The positive news is that there are ways that insurers can intervene in order to reduce the impact of some CHO’s trying to exploit the current situation. The ability to offer the claimant a free replacement vehicle and repairs has always been an insurer’s strongest weapon to combat any hire claims and this crisis is a time to focus on and review how any intervention strategy can be adapted. A few straightforward considerations in light of the crisis include sending letters via email with a read receipt, including to the CHO with a covering letter explaining any additional steps the insurer is taking because of lockdown. Also, contacting the third party by telephone and following up by sending the letter via SMS or email.”

It is the final sentence that is offensive – contacting the Claimant by telephone or SMS. If Darren Mendel had not been involved in obtaining the Copley judgement all that time ago you might forgive him for forgetting what Longmore LJ had to say on the issue at paragraph 9 of the judgement in the Court of Appeal:

What is completely clear to me is that the cold telephone call to Mrs Copley was inappropriate. If that is KGM’s practice it should be discontinued forthwith”.
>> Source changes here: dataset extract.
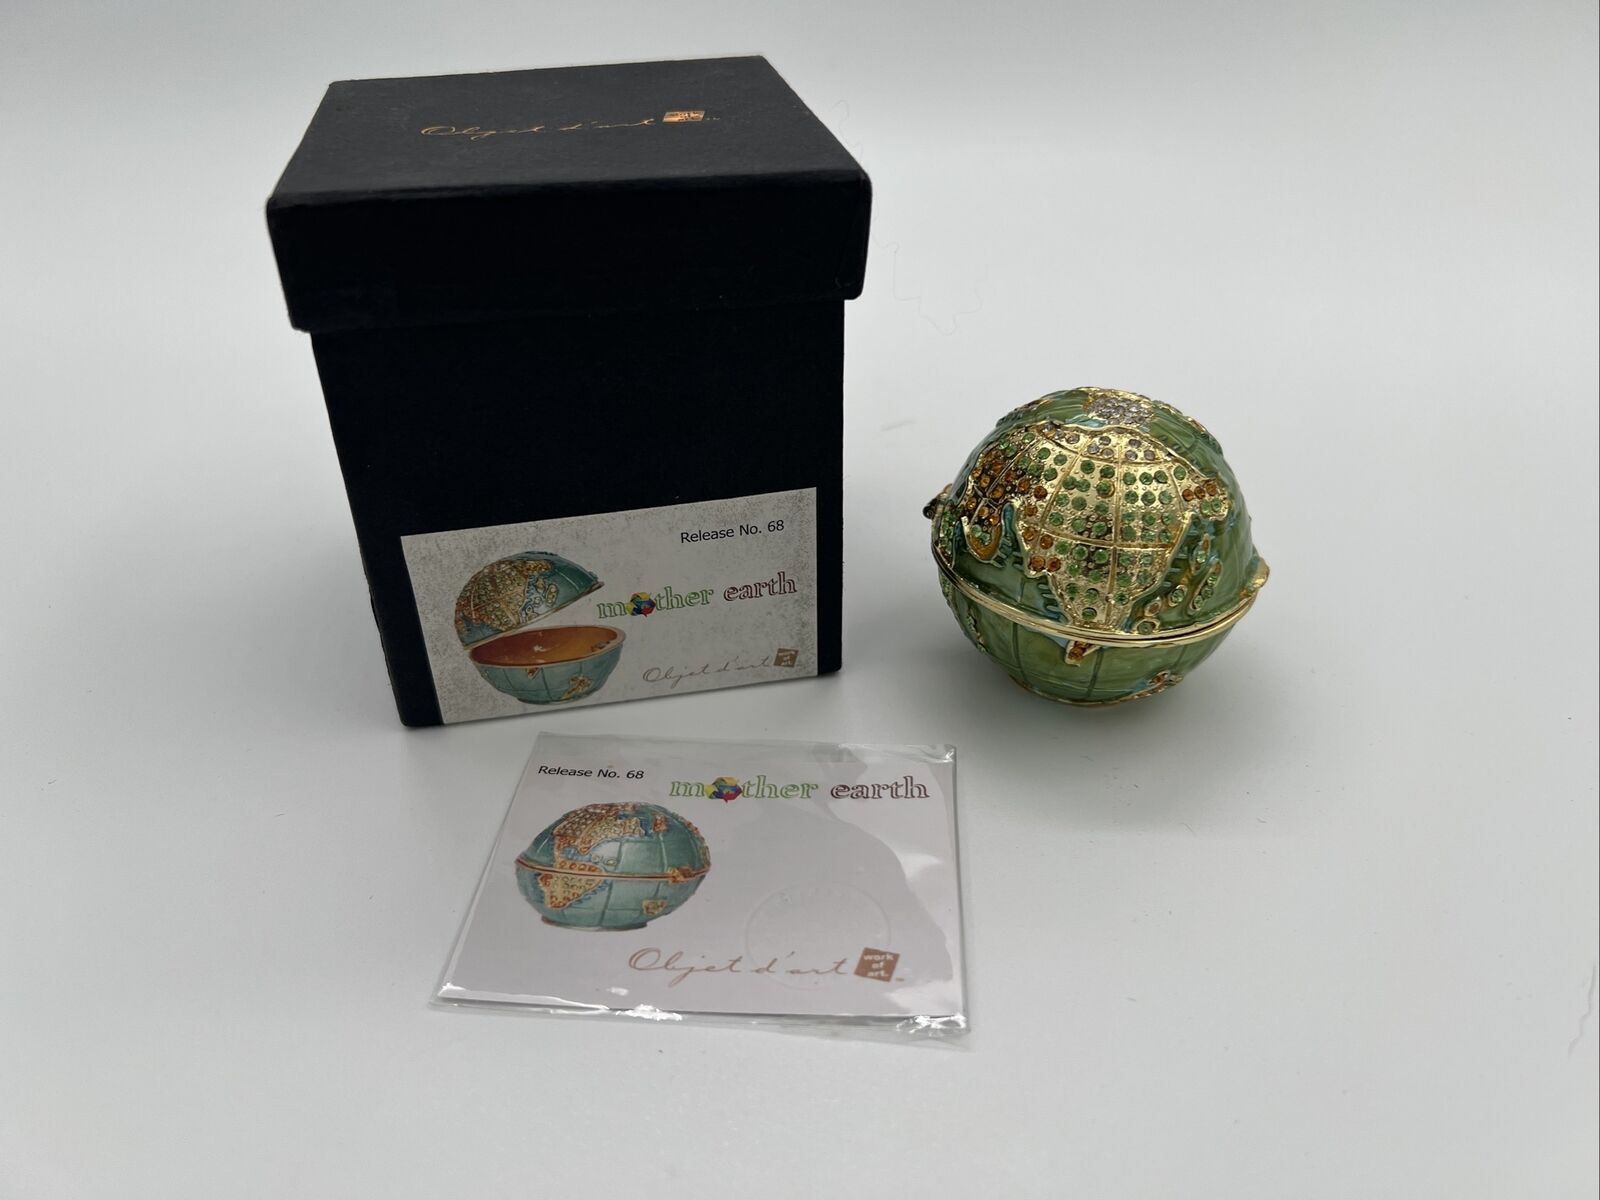 Objet D’art Artform ‘Mother Earth’ Collectible Trinket Box, NIB, Release #68

Aside from issues associated with GDPR, you have to wonder whether Counsel should be encouraged to ask the courts to look at the issue again and confirm Longmore LJ’s direction that unsolicited phone calls should stop. It is certainly one of the other issues that the Credit Hire Forum is considering. On that issue, the website will be available to view shortly but, further to my email of yesterday and with thanks to those of you who have called and spoken with me and already agreed to support the Forum, it is intended for legal and associated professionals, although we welcome CHO’s joining the Forum as associate members and contributing to the dialogue of how to address coherently some of these re-emerging issues in the interests of the sector. Leaving that dialogue to those Defendant solicitors and insurers who wish to narrow the options and impose obstacles on the recoverability of credit hire claims, or even allowing them to roll back the law because nobody takes a contrary view of their behaviour, is a poor alternative.


One of the things I found appalling about Hasting’s advice was their suggestion about the steps a consumer might make to buy a replacement car during the current lockdown. The concept of acting in haste and repenting at your leisure seems to have been lost on Hastings but the suggestion that you should advise a consumer to replace their car ‘unseen’ on the basis that they have cancellation rights under consumer legislation and might be happy to embark upon litigation under the 1967 Misrepresentations Act seems to fall short of recognising the need to treat customers fairly, especially when those customers are innocent victims of the negligence of their policyholder. The CHO should be calling these things out. I would suggest the media would be keen to know what insurers are suggesting as they benefit from lower claims, fewer driven miles, furloughed employees paid for by taxpayers but a constant premium base stimulating higher profits. It is not lost on me that Hastings issued a profit warning earlier this year.ve.